CREATE: Testing LLMs for Associative Creativity
arXiv:2603.09970v1 Announce Type: new Abstract: A key component of creativity is associative reasoning: the ability to draw novel yet meaningful connections between concepts. We introduce CREATE, a benchmark designed to evaluate models' capacity for creative associative reasoning. CREATE requires models to generate sets of paths connecting concepts in a model's parametric knowledge. Paths should have high specificity (distinctiveness and closeness of the concept connection) and high diversity (dissimilarity from other paths), and models are scored more highly if they produce a larger set of strong, diverse paths. This task shares demands of real creativity tasks like hypothesis generation, including an extremely large search space, but enables collection of a sizable benchmark with objective answer grading.
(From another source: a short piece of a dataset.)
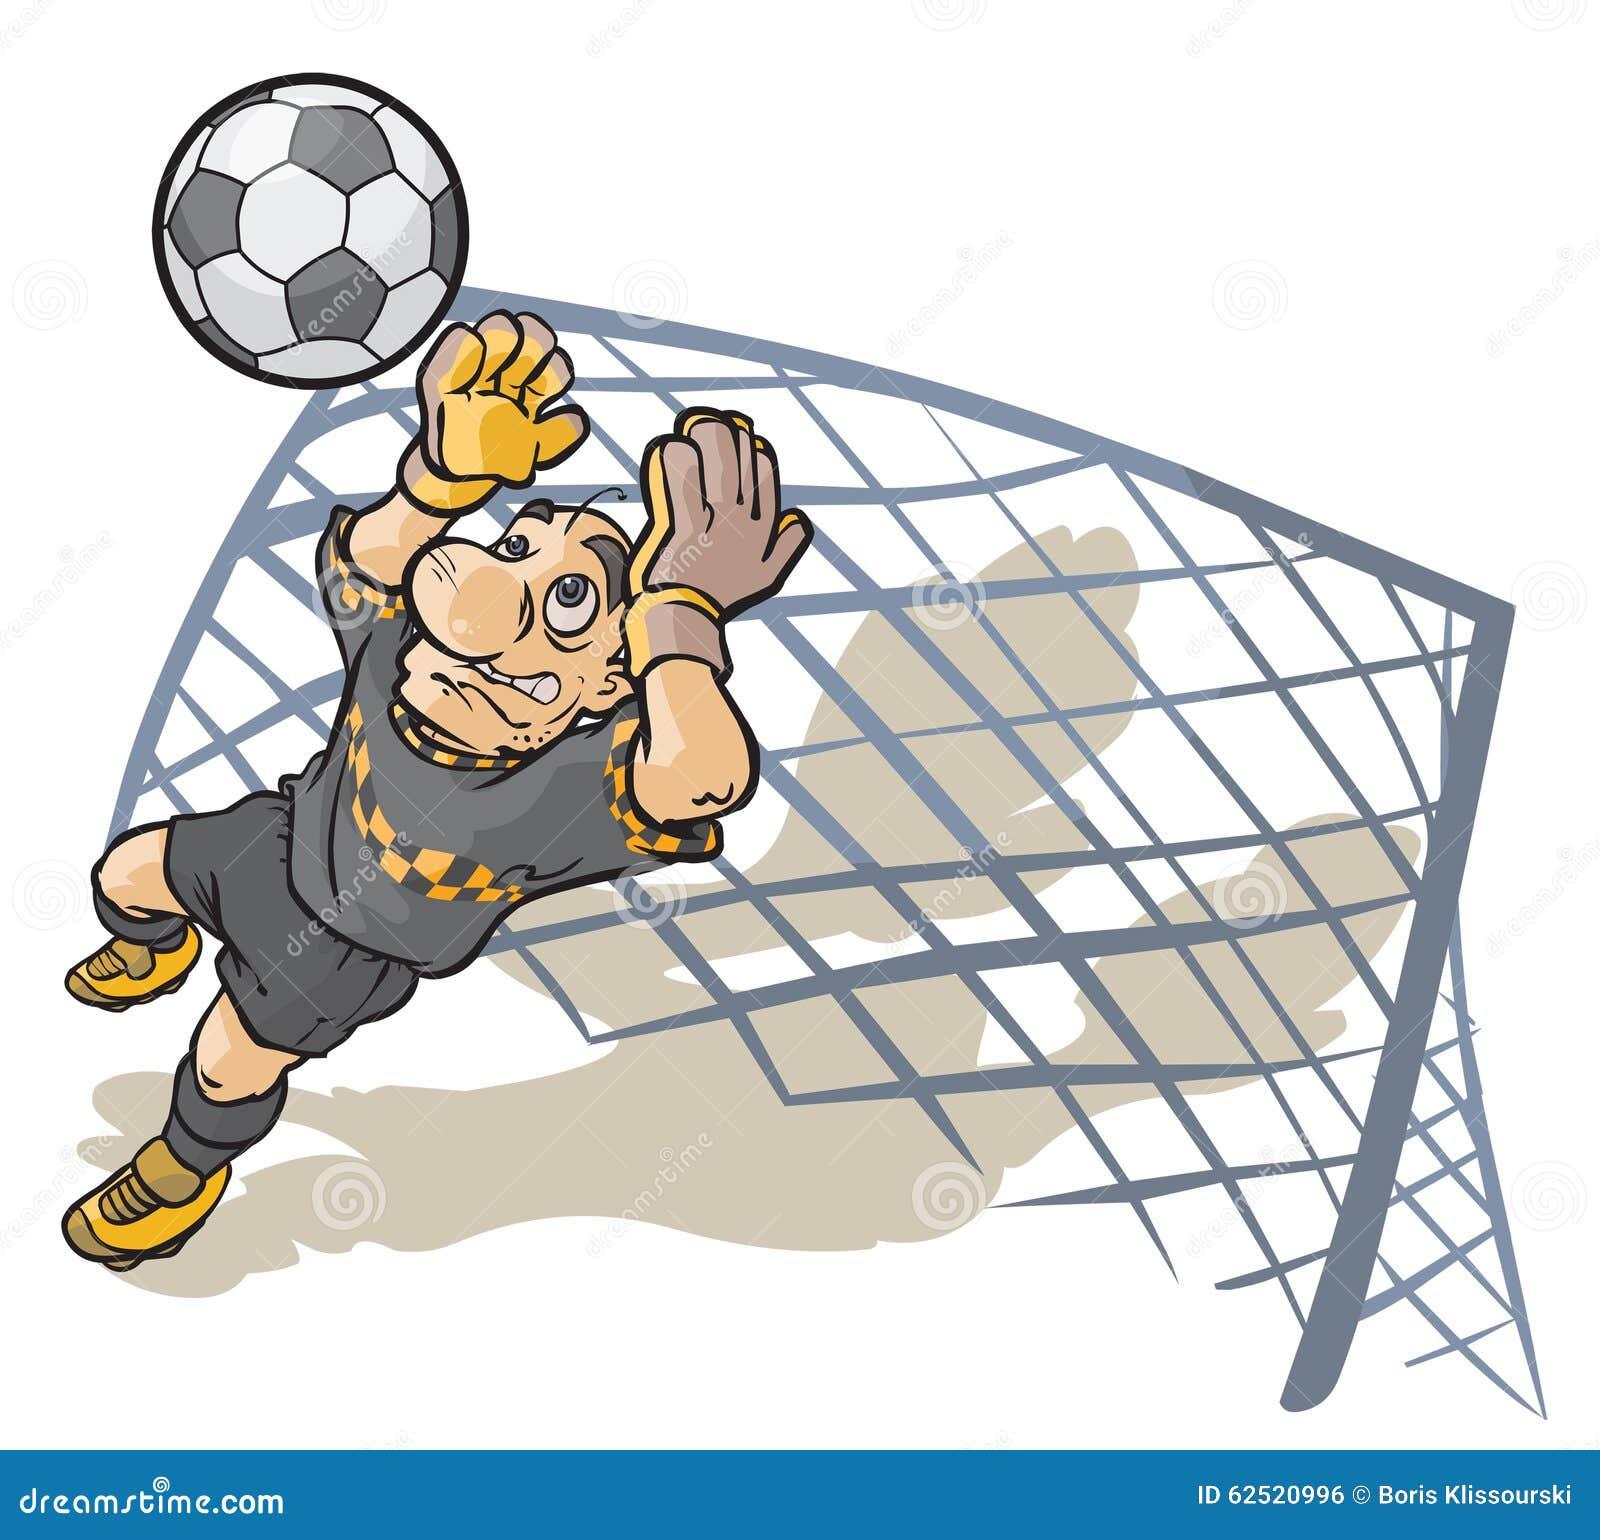 足球守门员 动画片男性角色.图片

Evaluation of frontier models shows that the strongest models achieve higher creative utility than others, with the high multiplicity of answers and complexity of the search making
arXiv:2603.09970v1 Announce Type: new Abstract: A key component of creativity is associative reasoning: the ability to draw novel yet meaningful connections between concepts. We introduce CREATE, a benchmark designed to evaluate models' capacity for creative associative reasoning. CREATE requires models to generate sets of paths connecting concepts in a model's parametric knowledge. Paths should have high specificity (distinctiveness and closeness of the concept connection) and high diversity (dissimilarity from other paths), and models are scored more highly if they produce a larger set of strong, diverse paths. This task shares demands of real creativity tasks like hypothesis generation, including an extremely large search space, but enables collection of a sizable benchmark with objective answer grading. Evaluation of frontier models shows that the strongest models achieve higher creative utility than others, with the high multiplicity of answers and complexity of the search making benchmark saturation difficult to achieve. Furthermore, our results illustrate that thinking models are not always more effective on our task, even with high token budgets. Recent approaches for creative prompting give some but limited additional improvement. CREATE provides a sandbox for developing new methods to improve models' capacity for associative creativity.
Executive Summary
This article introduces CREATE, a benchmark designed to evaluate models' capacity for creative associative reasoning. The benchmark requires models to generate sets of paths connecting concepts in a model's parametric knowledge, with a focus on high specificity and diversity. The results show that the strongest models achieve higher creative utility, but benchmark saturation is difficult to achieve. The study also highlights that thinking models are not always more effective, even with high token budgets, and that recent approaches for creative prompting provide limited additional improvement. The CREATE benchmark provides a sandbox for developing new methods to improve models' capacity for associative creativity, addressing the need for a standardized evaluation framework in the field of artificial intelligence.
Key Points
- ▸ CREATE is a benchmark designed to evaluate models' capacity for creative associative reasoning.
- ▸ The benchmark requires models to generate sets of paths connecting concepts in a model's parametric knowledge.
- ▸ The results show that the strongest models achieve higher creative utility, but benchmark saturation is difficult to achieve.
Merits
Strength
The CREATE benchmark provides a standardized evaluation framework for assessing models' capacity for creative associative reasoning, which is essential for advancing the field of artificial intelligence.
Strength
The study highlights the limitations of current models and provides insights into the potential benefits of developing new methods to improve models' capacity for associative creativity.
Demerits
Limitation
The benchmark may not accurately capture the complexity of real-world creativity tasks, which may involve multiple stages and iterative refinement.
Limitation
The study relies on a specific set of models and task configurations, which may not be representative of the broader range of models and tasks in the field.
Expert Commentary
This article makes a significant contribution to the field of artificial intelligence by introducing a benchmark for evaluating models' capacity for creative associative reasoning. The study highlights the limitations of current models and provides insights into the potential benefits of developing new methods to improve models' capacity for associative creativity. However, the benchmark may not accurately capture the complexity of real-world creativity tasks, and the study relies on a specific set of models and task configurations. Nevertheless, the CREATE benchmark provides a valuable tool for assessing models' capacity for creative associative reasoning and can be used to inform the development of more advanced models and algorithms in the field. As the field of artificial intelligence continues to evolve, it is essential to develop standardized evaluation frameworks like CREATE that can accurately capture the complexity of real-world tasks and provide insights into the potential benefits of different models and approaches.
Recommendations
- ✓ Develop and test new methods for improving models' capacity for associative creativity using the CREATE benchmark.
- ✓ Explore the application of the CREATE benchmark to other domains and tasks, such as natural language processing and computer vision.